Mars was rocked by meteor showers and lethal radiation wash until they managed to figure out how to configure a force field that would at least keep them alive. Spaceships simply disappeared, consumed by the wrathful conflagration, or were smashed like insects by meteors larger than Pluto.

There had been no warning. Everyone was going about their daily lives, and then 'poof'. But humanity endured, albeit changed forever. Of course, when every figure of authority is summarily extinguished leaving you hundreds of thousands of miles from anyone with a right to tell you what to do, what happened next was so predictable, even I'd have put money on it. The chaos threatened to kill off most of what remained. The survivors contrived means to blame each other for the atrocity, and the division which resulted ultimately led to war. It was comical. Giant spheres of metal and plastics good for little more than human habitation and commanded by egomaniacal executives not about to miss the chance to be crowned king laid claim to the vast expanses of empty space around them, and quickly turned their resources towards defending it.

There was no government, no law, and under these conditions, that the human Remnant consolidated into a mere handful of factions holding an uneasy peace within thirty years of the Revelation was a miracle in itself. Government was re-established, albeit under principles which were deemed more relevant for the time. Dog eat dog. First come, first served. Snooze you lose. Finders, Keepers.

It was only then that the slow realisation dawned that even at the peak of humanity's magnificence, we lacked the resources by an order of magnitude to so dramatically destroy our homeworld.

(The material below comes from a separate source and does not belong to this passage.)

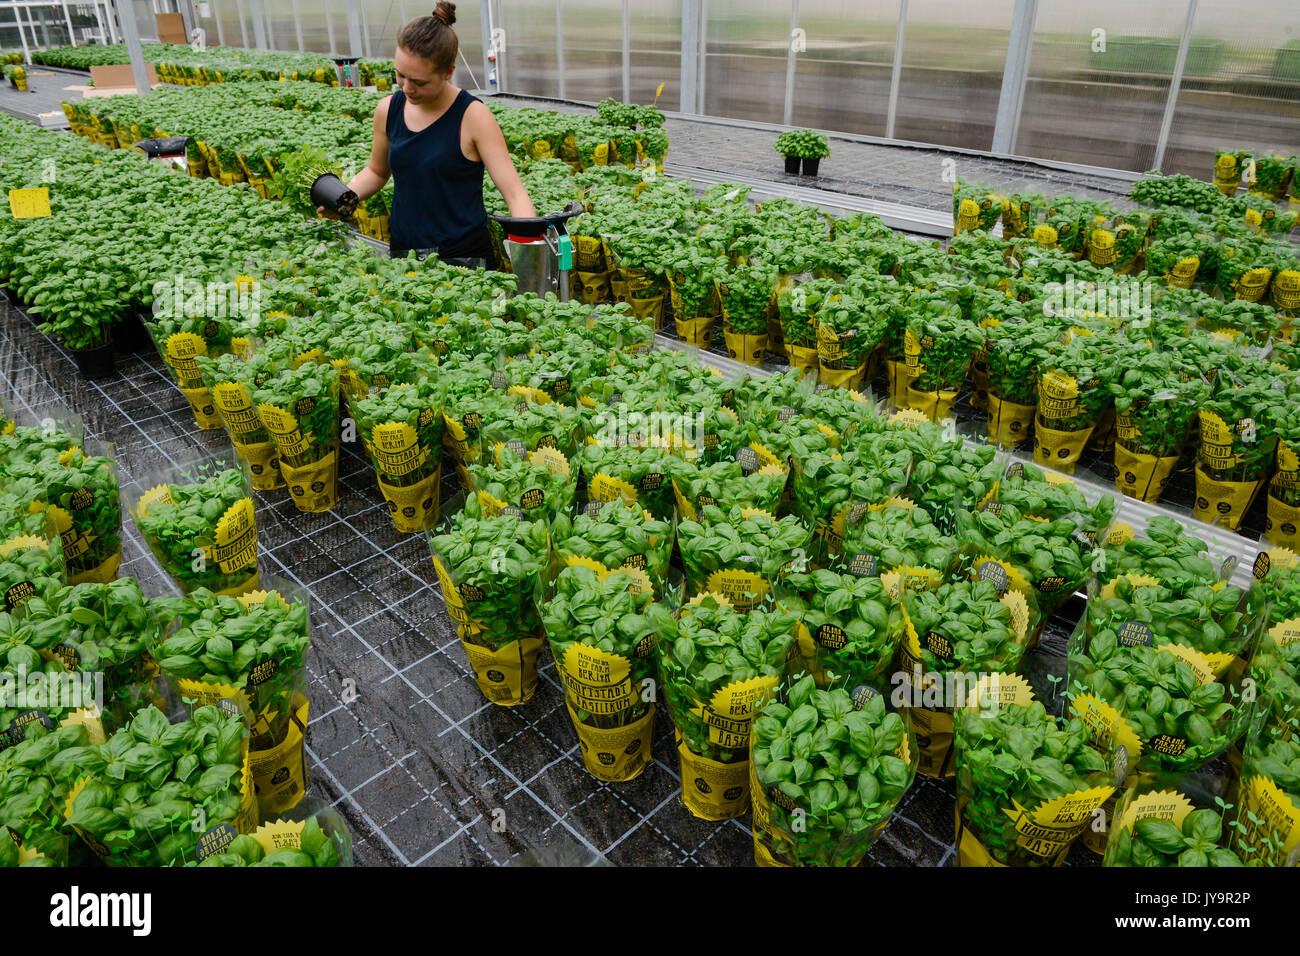 urban gardening in berlin germany stock photos urban gardening in berlin germany stock images. Black Bedroom Furniture Sets. Home Design Ideas

Any natural event of such incredible force would have been seen coming centuries ago by geologists across the globe. That left only one option, and it was not especially palatable. The possibility that an outside intelligence had deemed Earth a worthy target for an attack of this manner ushered in a new age of human paranoia. After all, if you can do that once, and wipe out almost every human being in existence, you could easilly do it again, and finish the job.

It also brought about the unification of human purpose, a glorious and magnificent event that saw the consolidation of all factional governments into a new central council on Mars, and the setting of an agenda that would drive humanity forever more. Paraphrasing, the agenda boiled down to two points, both of which essentially took one of the core drivers of humanity since the time we first climbed down from trees, and evolved it to another level. To the citizens of the Remnant, it is a mantra.

Make ultimate our defences against any external threat or entity. Make ready our vengeance against those who took from us our Home. We will endure. We will have our revenge.

Me? I look forward to the day of Reckoning as much as any other, although probably more than most. Because I was there. And when you stood helpless and watched your world turn into so much intra-solar debris, there is only room in your consciousness for one thing.